Australian Olympians who won gold at the Tokyo Games received $ 20,000. Our Paralympians get zero


The theme of the Games in Tokyo 2020 is “Unity in Diversity” and promotes ideals of equality and acceptance. But when it comes to cash prizes for Olympians and Paralympists, this is nowhere near the case in some countries like Australia and host country Japan.

In Australia, as in many other countries, the National Committees of the Olympic and Paralympic teams are responsible for funding their athletes’ medal awards.

But Paralympic Australia just doesn’t have the funds for medal awards – and they never have, a spokesman told SBS News. Meanwhile, the Olympic Committee is offering Australia gold, silver and bronze winners cash prizes of $ 20,000, $ 15,000 and $ 10,000, respectively.

Sprinter Scott Reardon is no stranger to a Paralympic podium. As Australia’s Male Paralympian of the Year 2016, Reardon won a silver medal in his class in the 100m sprint at the 2012 London Paralympic Games before taking gold in record time at the 2016 Rio Games. At the Tokyo games, he’s the man to beat.

“In a perfect world we would have equality everywhere – in men’s sports, in women’s sports, in parasports. But the reality is that we are treated differently and we are lagging behind,” said Reardon.

Scott Reardon says that many para-athletes work full-time and are full-time athletes at the same time.


Canada, along with other major nations, does not give cash prizes to Paralympian medalists – although funds are available for their Olympic medalists.

As for the host country Japan, a gold-winning Paralympian will earn around $ 38,000. That’s $ 25,000 less than their healthy counterparts.

For New Zealanders, Paralympic and Olympic medalists do not receive medal awards, but they do receive equal grants for their international accomplishments to aid their training.

From Tokyo, Reardon said for a while that he believed the Australian Paralympic Committee was “essentially broke”. He said if the funds were in place he would be confident that Paralympic Australia would be anything for it.

Ultimately, the lack of a medal bonus speaks to a wider problem of tight funding in Australian parasports, Reardon said.

“There are a lot of para-athletes who just don’t make a lot of money. You need to work full-time and be a full-time athlete at the same time.

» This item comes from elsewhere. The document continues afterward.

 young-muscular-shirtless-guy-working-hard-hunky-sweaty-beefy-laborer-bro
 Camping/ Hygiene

It’s not at all beneficial to be the best in the world, ”said the 31-year-old.

“I know a lot of Paralympic gold medalists who don’t have a sponsor, who don’t have a commercial agreement with a company, and I think that has to change.”

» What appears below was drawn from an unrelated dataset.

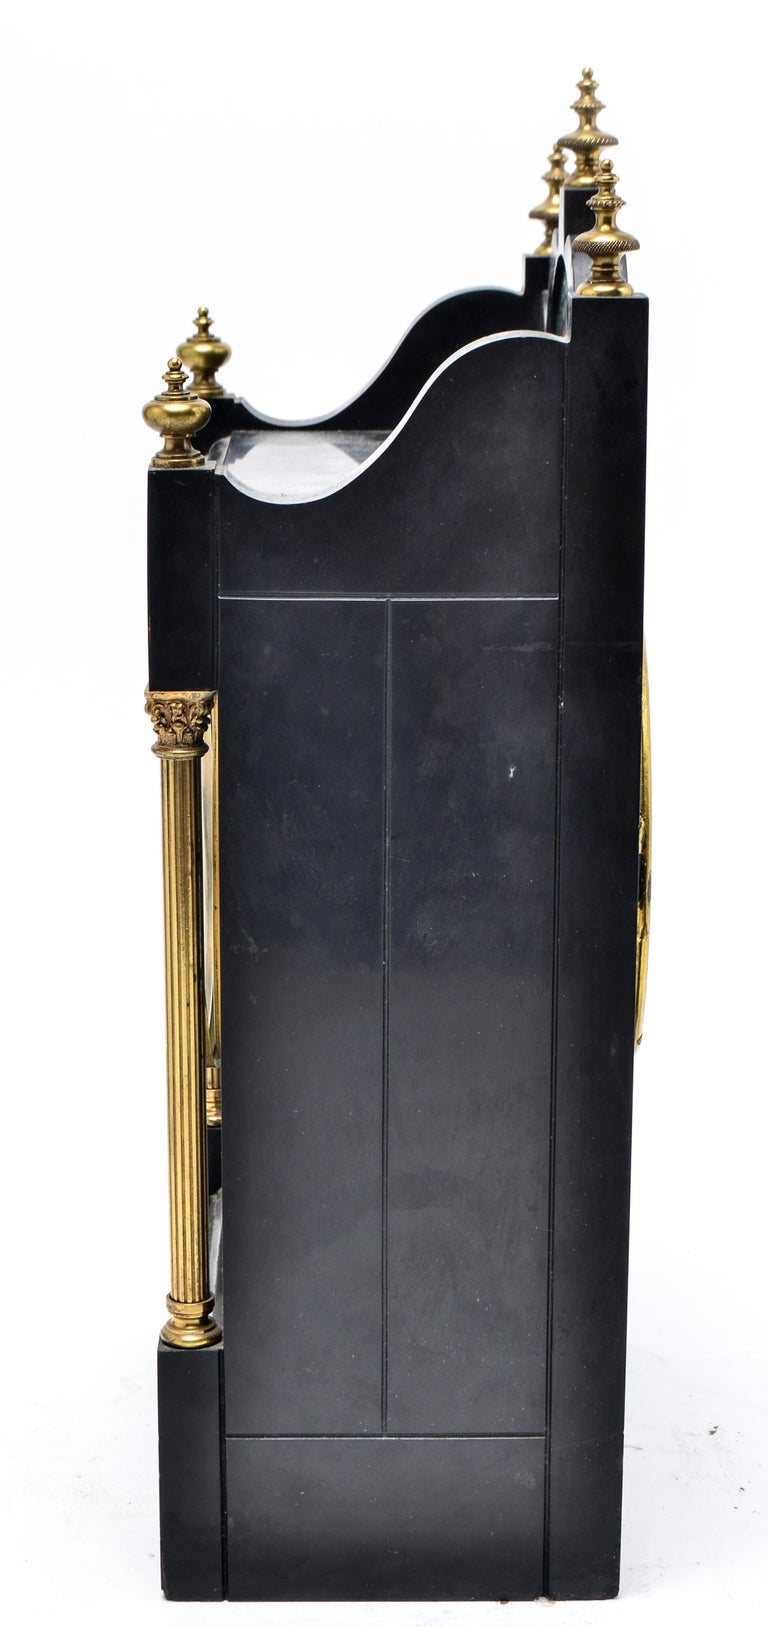 Eastlake Mantel Clock in Black Marble and Enamel For Sale 2

Serena Ovens, CEO of NSW’s Physical Disability Council, says as a population “we absolutely still see disability as something less”.

“We value our Olympians, but we still don’t believe our Paralympians have reached the same elite level.

“Paralympists work just as hard, if not harder, to get to where they stand for their country.”

Reardon says when it comes down to it, the Australian Olympic and Paralympic Committees are two separate entities competing for corporate dollars. “Right now, for anyone in the corporate space who thinks this isn’t good enough, we almost need someone to stand up,” he said.

“We would have the opportunity in Australia if someone like Gina Rinehart – who already finances the sport – would step in. It would be a small drop for her to be able to pay out these medal awards.”

Regardless, he hopes more people will sit down and watch on the silver lining of the lockdowns in two major Australian cities.

“Since it’s on commercial television, the bigger the audience we have, the more businesses and people with money are realizing that it is an investment and a platform for them to advertise,” Reardon said. “Maybe then we can achieve equality.”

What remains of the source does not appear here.